Зовут меня Сэд из Сосновой Долины. То есть, конечно, Сэдрик, только не люблю я этих официальностей. А Сосновая Долина, если кто не знает, располагается на самом севере королевства Райвэлл и примечательна только тем, что там родился я да еще самыми здоровенными соснами из всех, которые я когда-либо видел, за исключением… Ладно, до этого тоже время дойдет. По профессии я – объездчик драконозавров, также, как вы уже знаете, работал лесорубом, а еще: перегонщиком стад, солдатом, телохранителем, разведчиком, золотоискателем… ух, сейчас всего и не упомнишь! Впрочем, ни на одной работе больше двух лет кряду я не задерживался, и вовсе не по причине склочности или капризности. Просто люблю перемены, приключения (в разумных пределах), и терпеть не могу долго сидеть на одном месте без дела либо с оным. Если верить матушке, это у меня от папаши. Тот тоже имел в седалище преогромное шило. Наверное, именно из-за этого он сразу же после моего рождения собрал свои немногочисленные манатки и отбыл навсегда в неизвестном направлении. Но, впрочем, хватит об этом.
Я кивнул в ответ Черчу, попутно стряхнув с себя обломки, некогда бывшие спинкой стула, и, приняв вертикальное положение, заказал кружку своего любимого темного эля. Получив желаемое, я плюхнулся на первую попавшуюся и жалобно скрипнувшую подо мной скамью. Ничего не поделаешь – весил я всю жизнь немало. И ни капли жира! Мышцы, кости и мясо, причем – именно в такой последовательности. У нас, в Сосновой Долине, все ребята немаленькие, но я любого переплюну! А тем, кто бурчал, что «сила есть – ума не надо», мы с Извергом доступно и быстро разъясняли, что они не правы…
Так вот, лишь сделав добрый глоток, я обратил внимание на то, что столик, за которым я сижу, похоже, уже занят.

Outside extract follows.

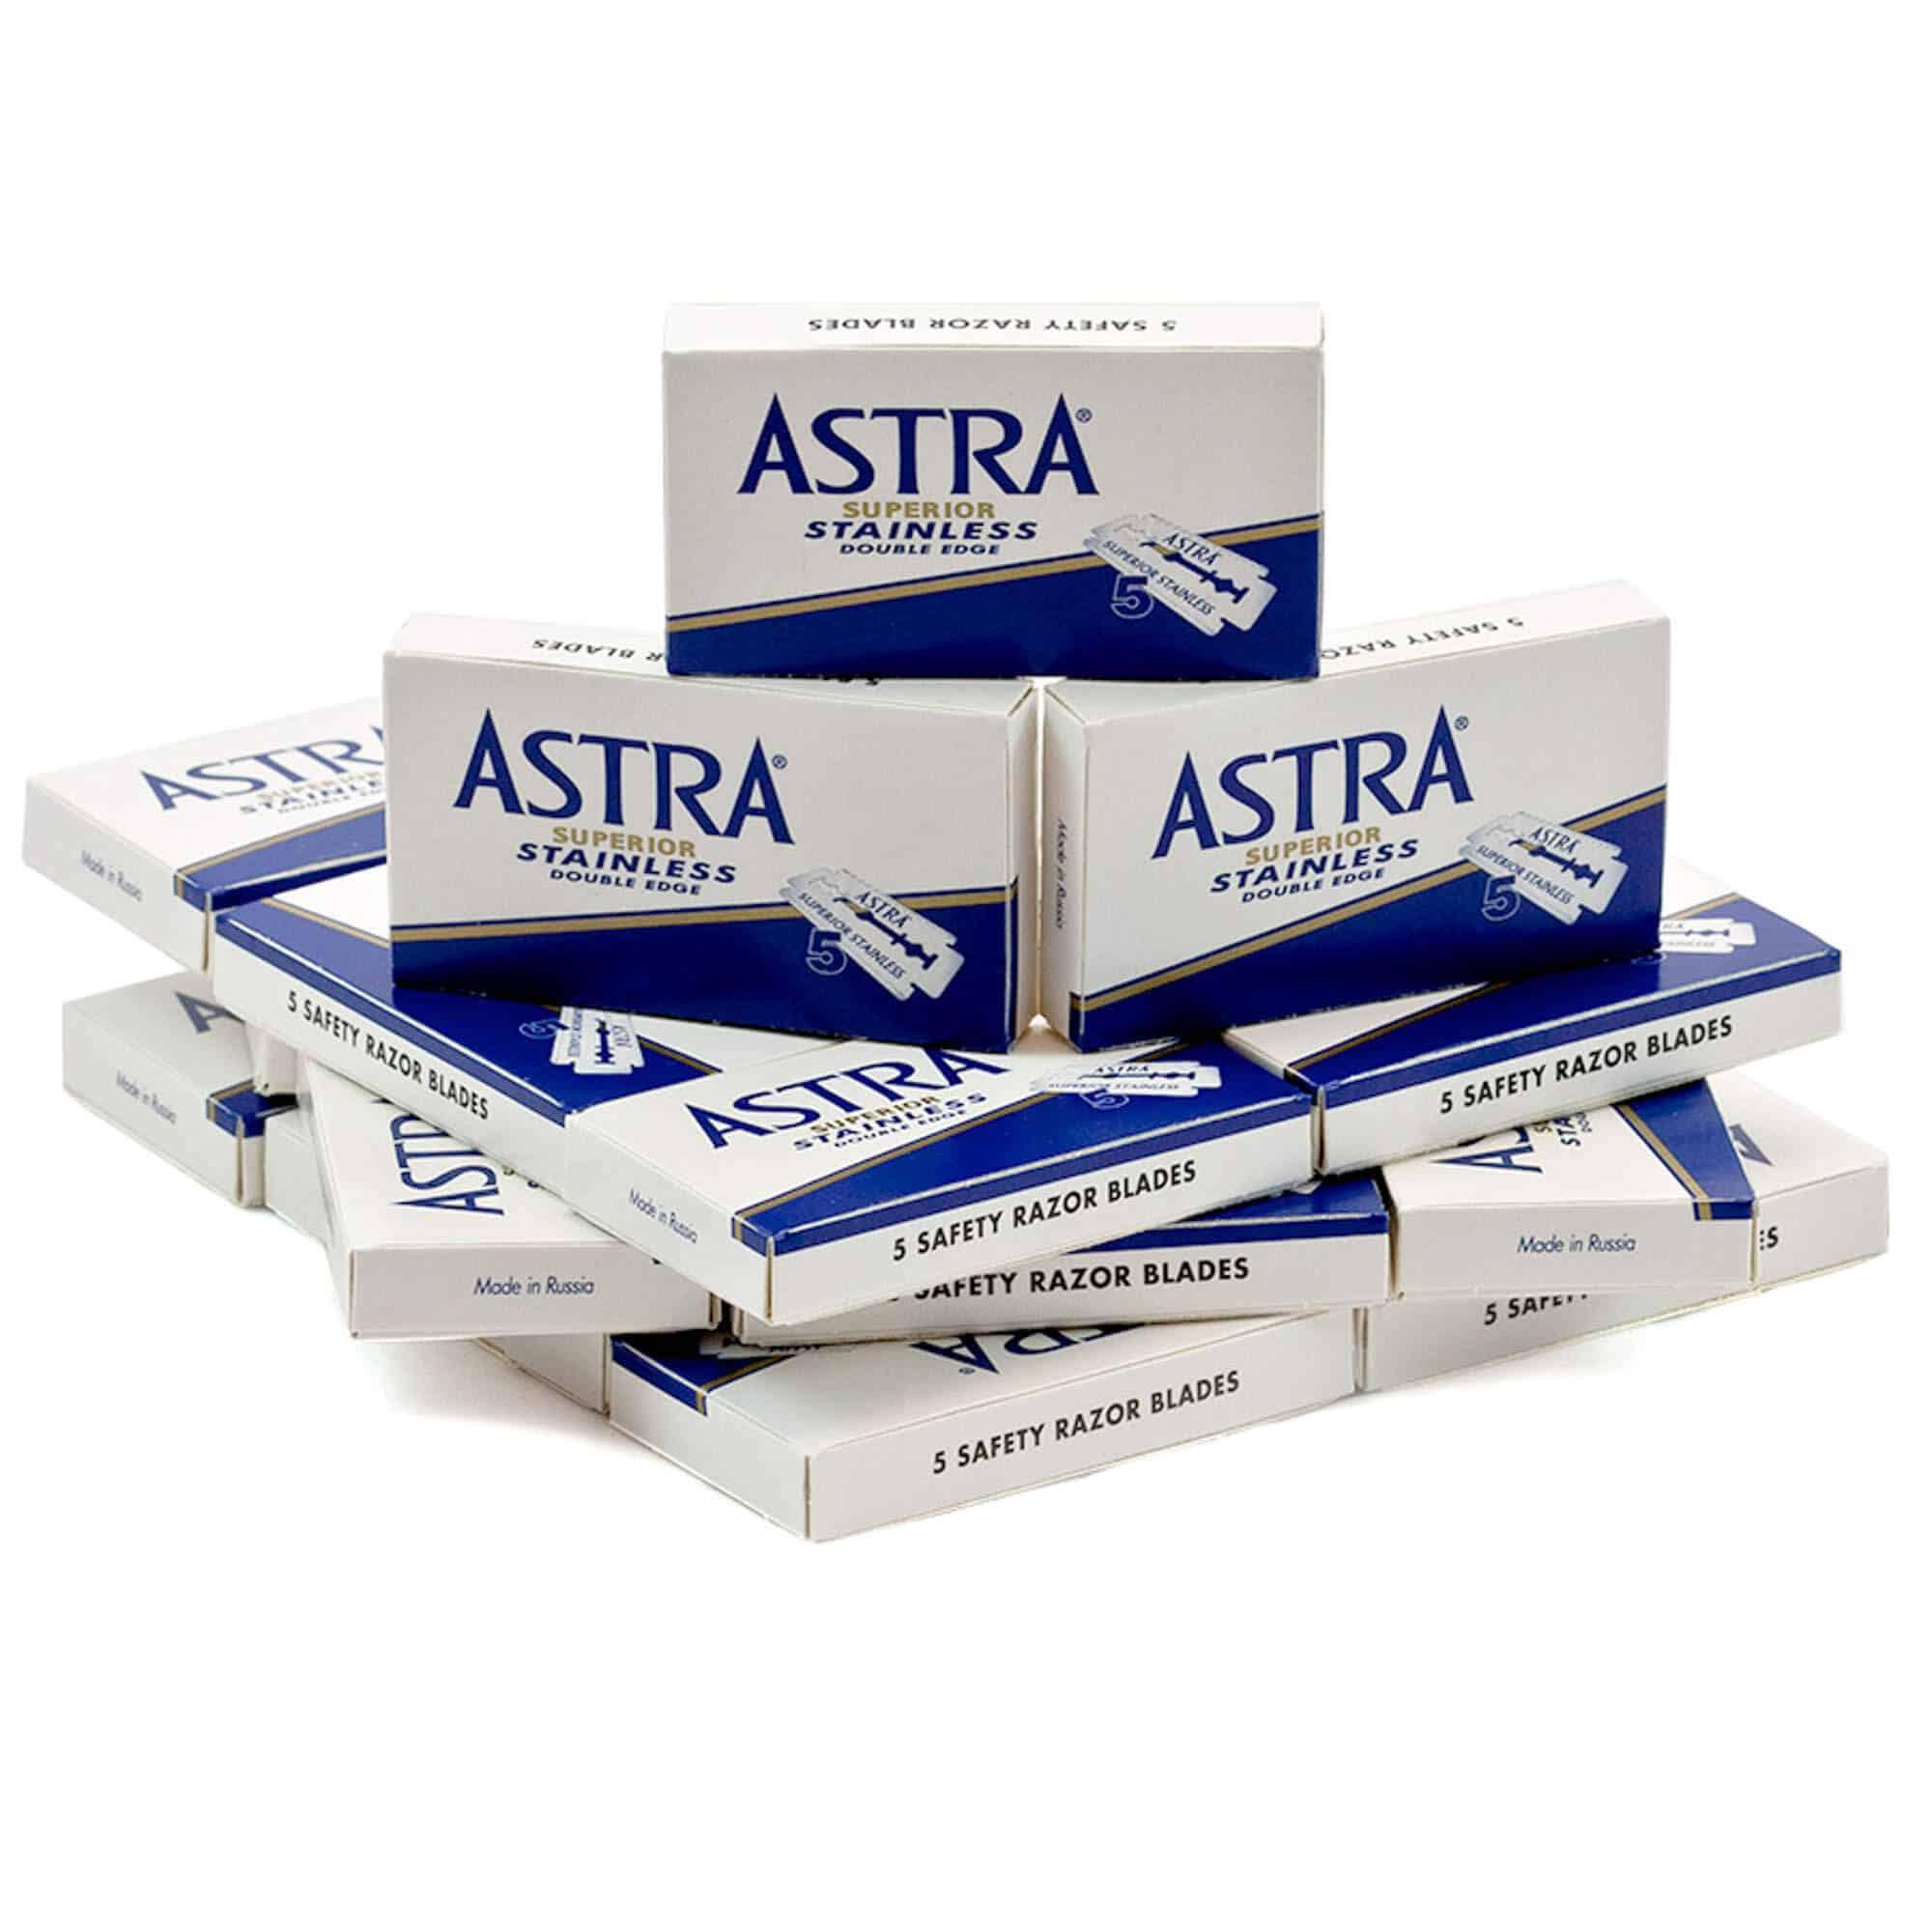 Astra blue blades

Напротив меня расположился на редкость занюханный и хорошо одетый тип (сплошной бархат, кружева и золотые цацки) и цедил что-то из ма‑ахонького кубка (я бы в таком и зубы не намочил). Вообще-то я человек вежливый, но мой зад под влиянием «Отравы», «залакированной» элем, отчаянно протестовал против поднятия и перенесения его куда б это ни было. Да и откуда я тогда мог знать, что этот тип-недавно избранный местный мэр Джадур Кривоус?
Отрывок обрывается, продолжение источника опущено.